[Start of section]
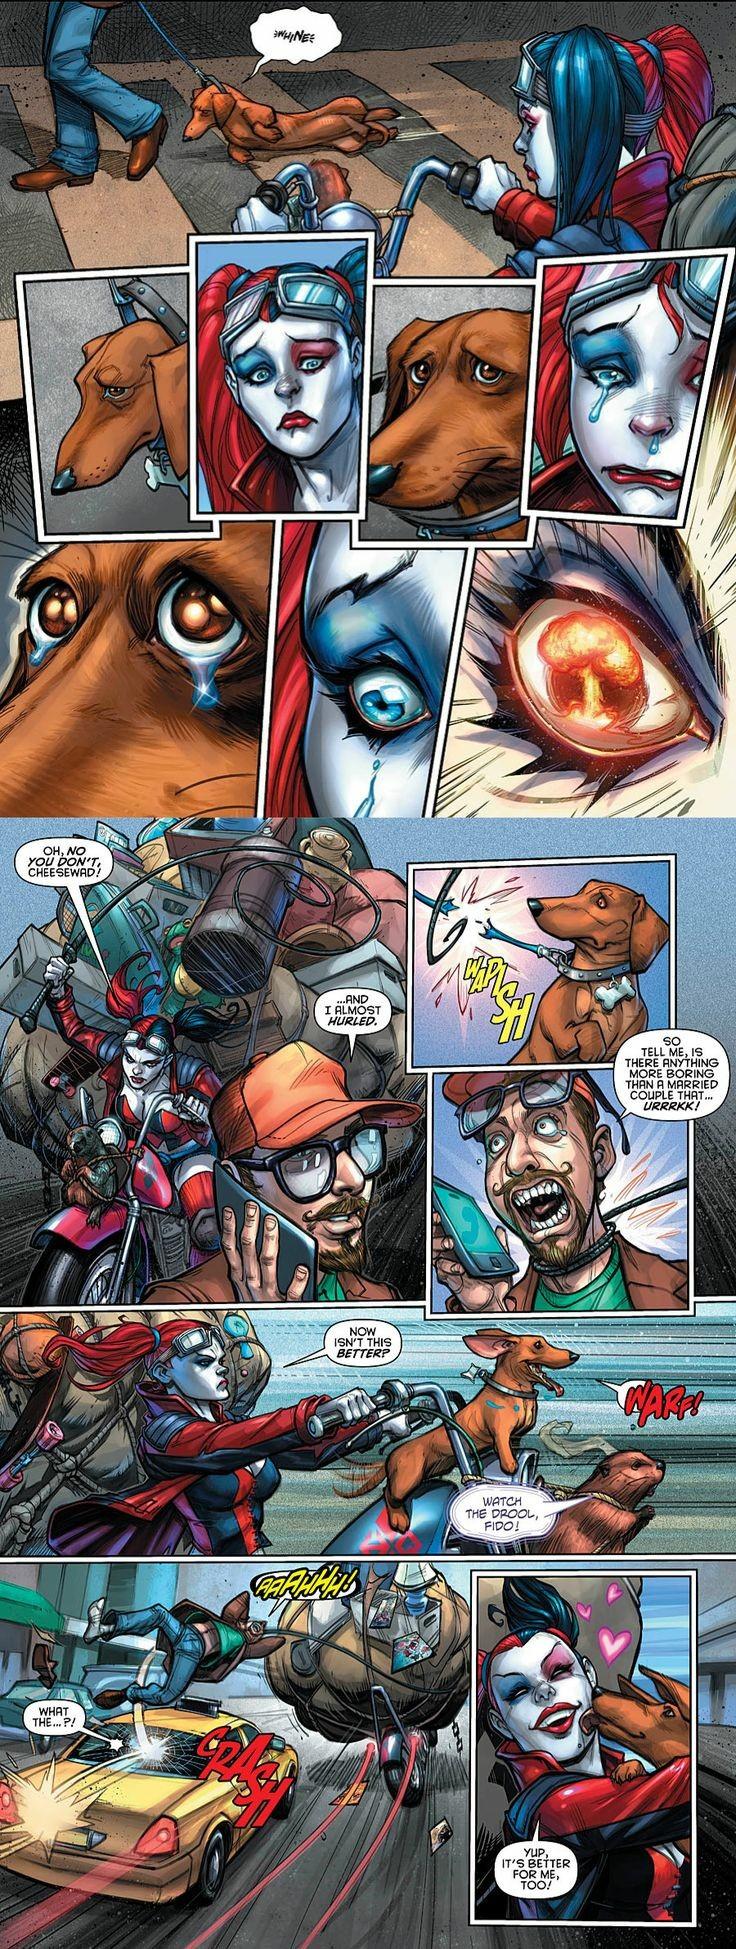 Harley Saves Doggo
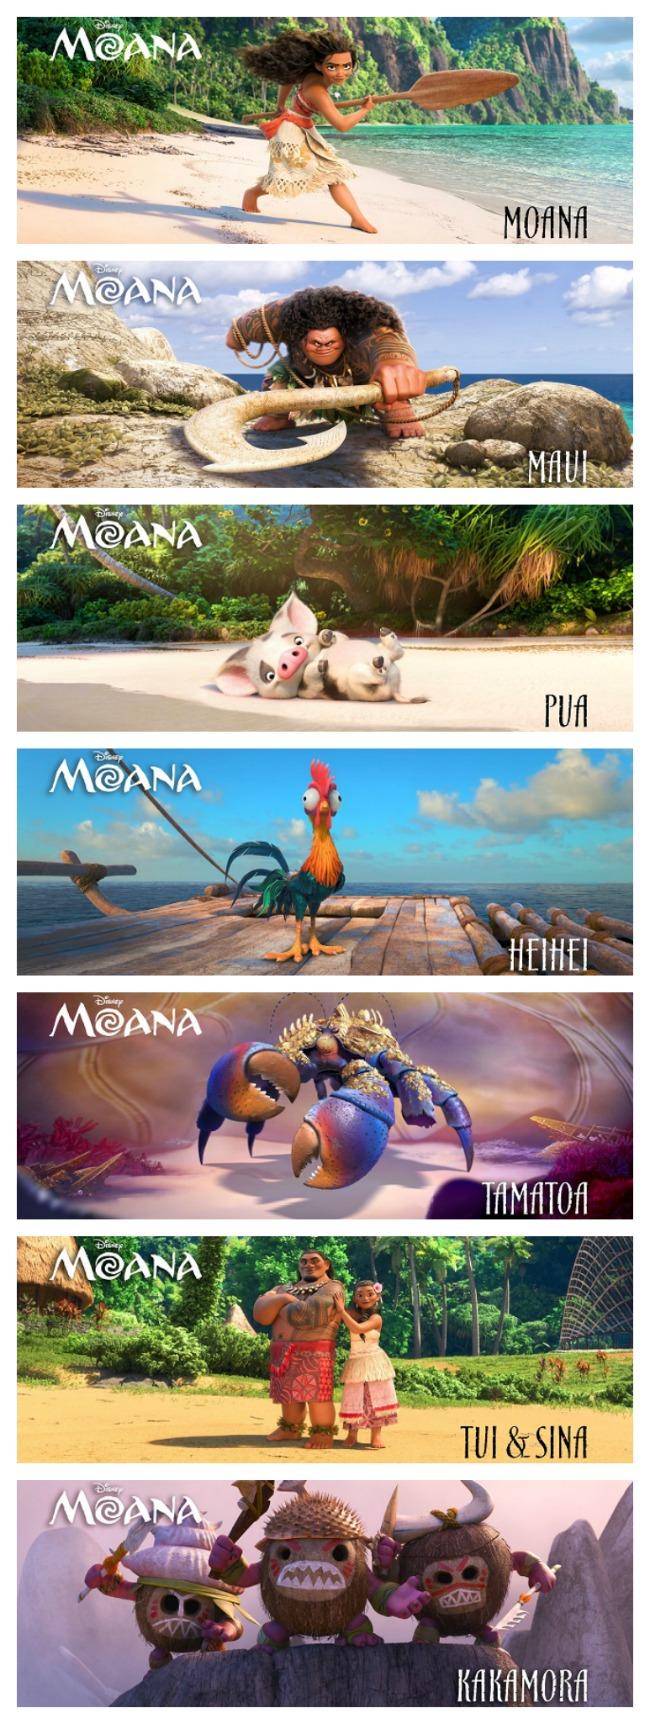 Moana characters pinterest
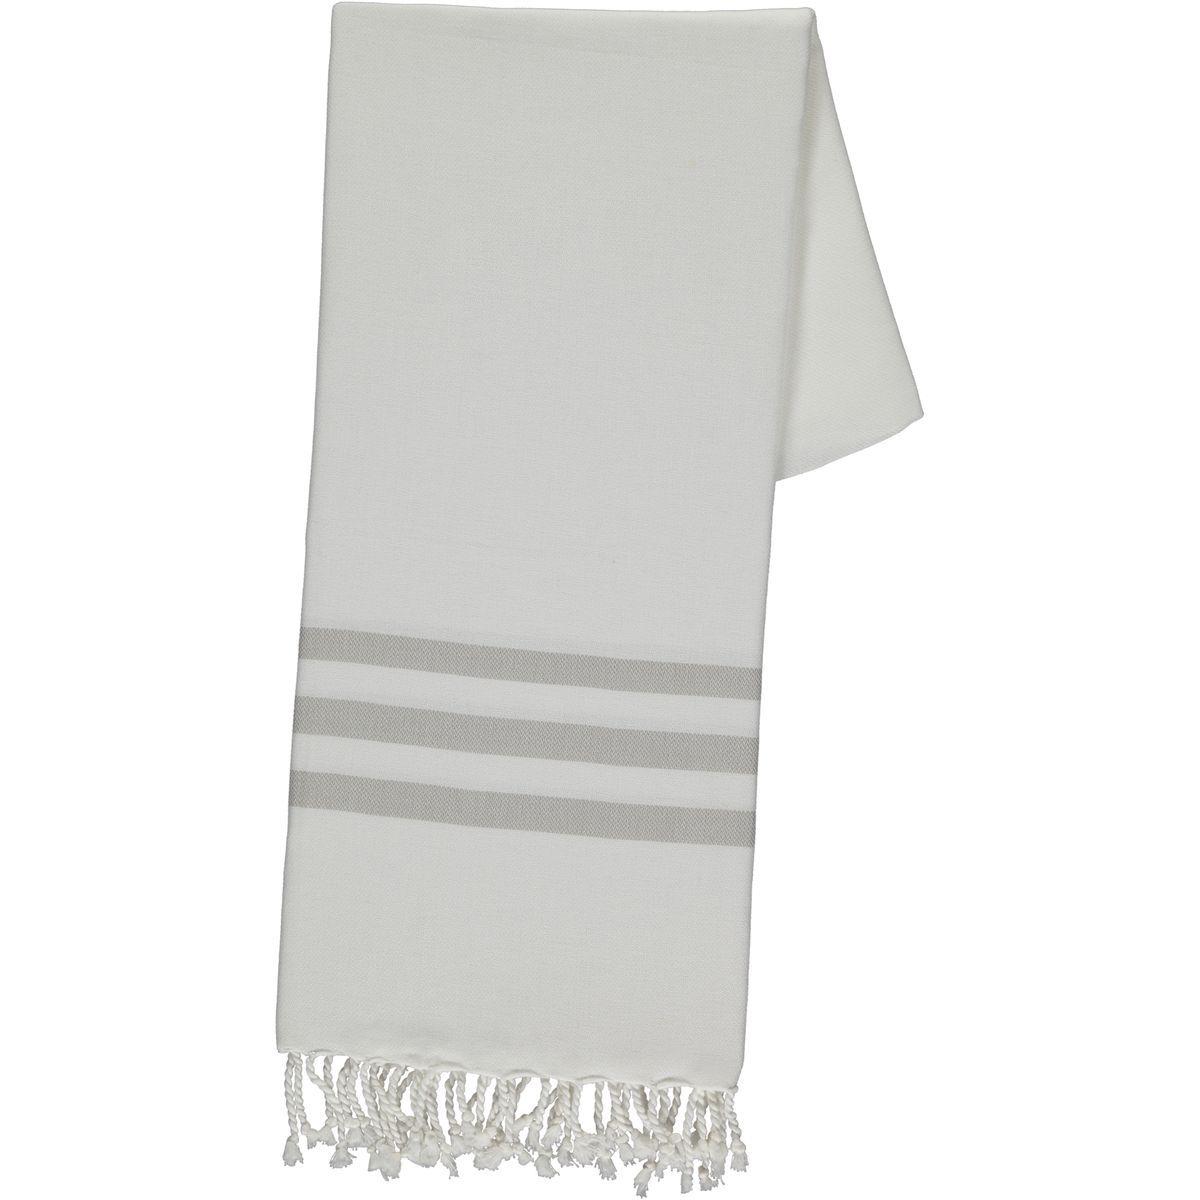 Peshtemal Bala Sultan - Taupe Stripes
[End of section]
Work instructions
Write out the data above exactly as it appears, but without any image.

Exercise result
 Harley Saves Doggo
 Moana characters pinterest
 Peshtemal Bala Sultan - Taupe Stripes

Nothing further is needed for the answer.